Greenspace is on the doorstep — a park or playing field is within walking distance of most homes; food and drink within walking distance is workable but not dense — around 29 restaurants and 5 pubs in five minutes; The streets feel safe by national standards — police-recorded crime is well below the country-wide median; Public transport is genuinely strong; most errands and a fair share of social life don't need a car; rents sit firmly in the upper bracket nationally, with a typical home letting at around £2,388 a month; gigabit broadband is effectively universal.
Generated from the latest May 2026 data · refreshed automatically
Figures are aggregated across 5 sub-areas — population-weighted means for rates, sums for counts. Sources cited beneath each section.
East Dulwich in Southwark
Living in East Dulwich
What sets Southwark 030 apart from much of inner London is how settled it feels. Nearly 58% of homes here are owner-occupied — well above what you'd expect this close to central London — and that shows in the streets. There's less of the constant churn you get in heavily rented parts of the city, and the neighbourhood has a more established, family-oriented character than many parts of Southwark.
Rents sit noticeably above the UK average but are roughly in line with what you'd expect for this part of London. A one-bedroom flat runs around £1,810 a month, a two-bedroom around £2,266, and a three-bedroom closer to £2,633. Rents have risen just 1.3% over the past year — modest by London standards.
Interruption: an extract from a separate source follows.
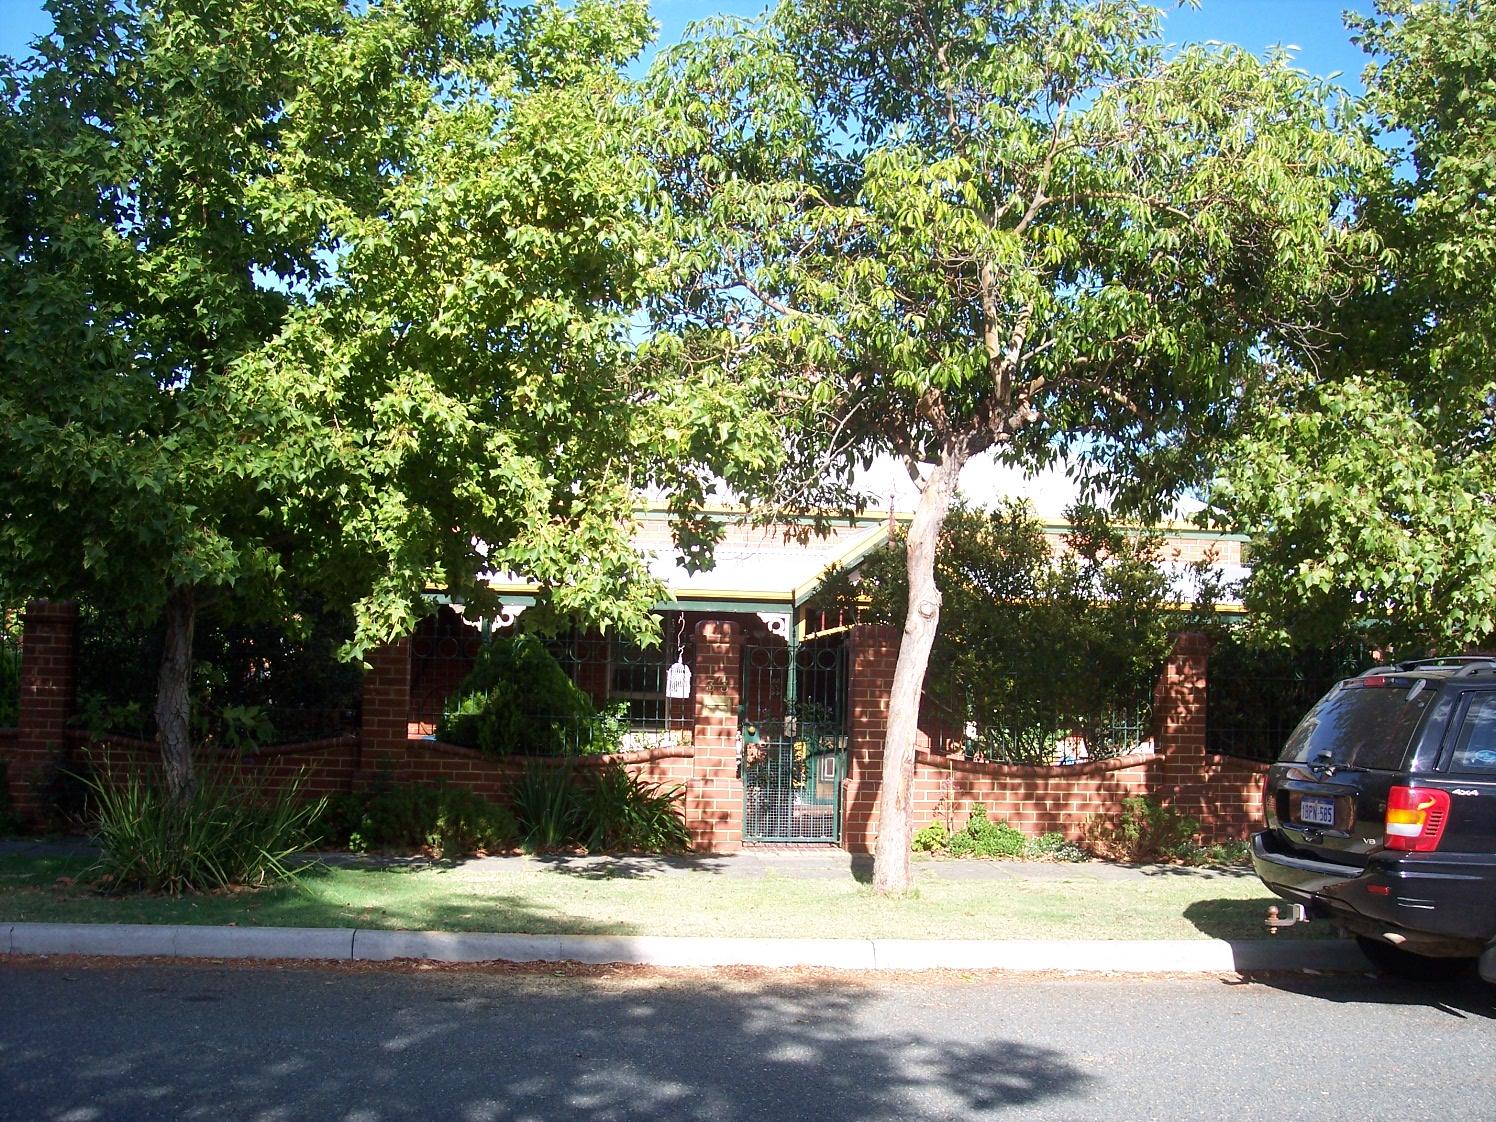 25-1-07 View W 33 Bedford Street.jpg

The median house sale price of around £832,000 gives you a sense of the area's weight as an ownership market; you're looking at nearly ten years' worth of deposit-saving on a typical local salary.
The people who live here skew educated and professional. Around 67% hold a degree-level qualification — one of the higher shares you'll find anywhere in London — and the local resident salary sits at around £43,000 a year. The age spread is relatively even across the 18–64 range, with families (households with couples and children make up nearly a quarter of all homes) alongside a solid single-person contingent. It's not a neighbourhood defined by one particular life stage.
Practically speaking, the area is very well connected. The nearest mainline rail station is roughly 650 metres away — about an eight-minute walk — and from there the public-transport journey to the nearest major employment hub takes around eight minutes. That said, an exceptional 62% of residents work from home, so the commute question is less pressing here than almost anywhere else in London. See the streets and sub-areas below for more detail on specific pockets within the neighbourhood.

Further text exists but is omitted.